Quality Control and mRNA Surveillance on the Ribosome

During translation a functional protein is made from mRNA. If, however, this mRNA is faulty, the ribosome is slowed down or even paused, which in turn leads to the induction one of several quality control pathways to resolve this situation. The defective mRNA as well as the not fully translated protein needs to be degraded and the stalled ribosome recycled. Here, the recognition of a stalled ribosome turned out to be the committed step for initiation of all downstream quality control pathways.
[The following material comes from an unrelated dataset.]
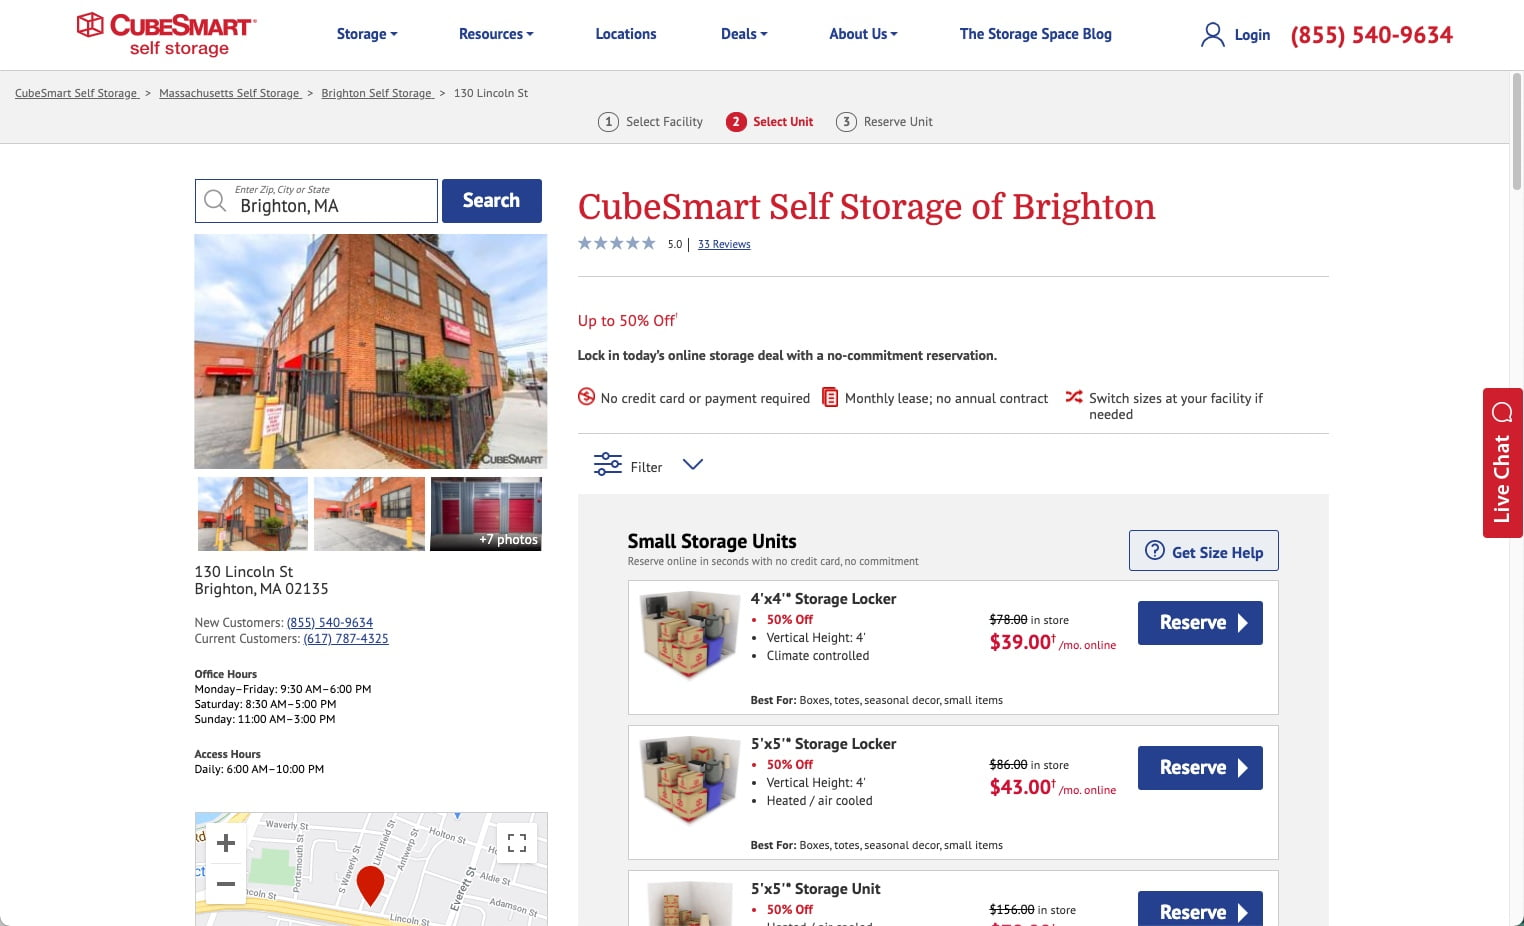 CubeSmart Self Storage of Brighton

mRNA can be faulty due to multiple reasons each calling for its own specific mRNA surveillance pathway. Nonsense-mediated decay (NMD) is caused by premature stop-codons, whereas the lack of a stop codon, truncated or damaged mRNA as well as stable secondary structure can cause pathways called non-stop decay (NSD) and no-go decay (NGD), which all have in common the slowed down or stalled ribosome as a central hub to initiate the degradation pathways. During this the slowed down ribosome is recognized, decay factors for the faulty mRNA and the truncated protein are recruited and the ribosome is recycled. Recent studies showed that ubiquitinylation of ribosomal proteins follow ribosome stalling and turn out to be crucial for the degradation of the aberrant peptide in the ribosome quality control (RQC) pathway. Furthermore, a number of helicases (e.g. Ski2, Slh1, Dhh1 or Upf1) play a role in triggering molecular events downstream of stalled ribosome recognition.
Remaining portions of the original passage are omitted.